Official energy critic for the Opposition and local MPP Todd Smith didn’t seem convinced that the province’s plan would work.

“What I see today is a plan that doesn’t address the actual problem, which is the rising cost of electricity is attributed to these sole-sourced renewable energy contracts. We’re seeing these contracts actually continue. The biggest generator of cost in the electricity system is generation,” said Smith.
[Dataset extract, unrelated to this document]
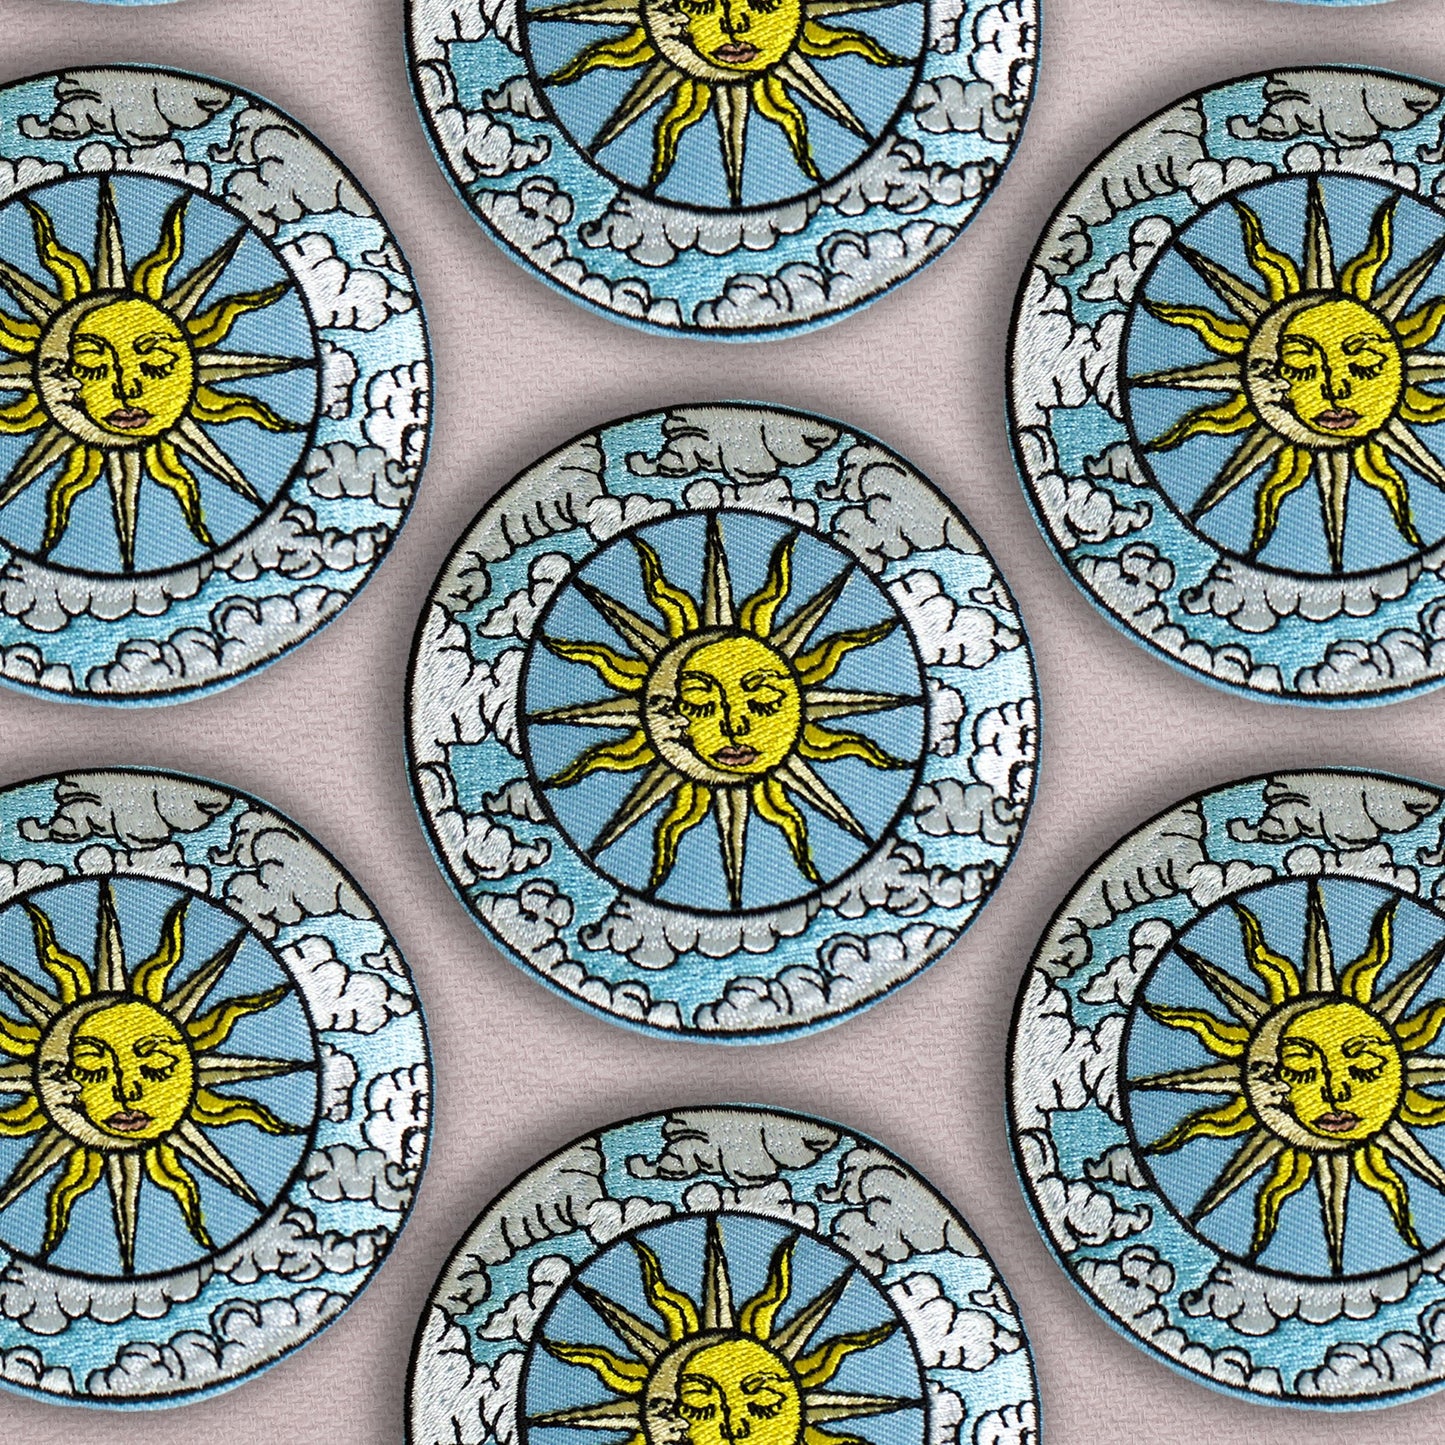 Sunshine Medallion - Embroidered Iron On Patch - Muse + Moonstone

The Hydro One release said the province plans to “reduce the global adjustment charge by 20 per cent, lower the delivery charge for low-density customers, accelerate the move to more fixed delivery charges, introduce an affordability fund to help those customers in need, and introduce a First Nations electricity rate.” It said the government initiatives are a result of discussions with “interested parties including Hydro One.” The Flip the Switch campaign included 28 senior executives from the company speaking with more than 800 customers on Feb. 16.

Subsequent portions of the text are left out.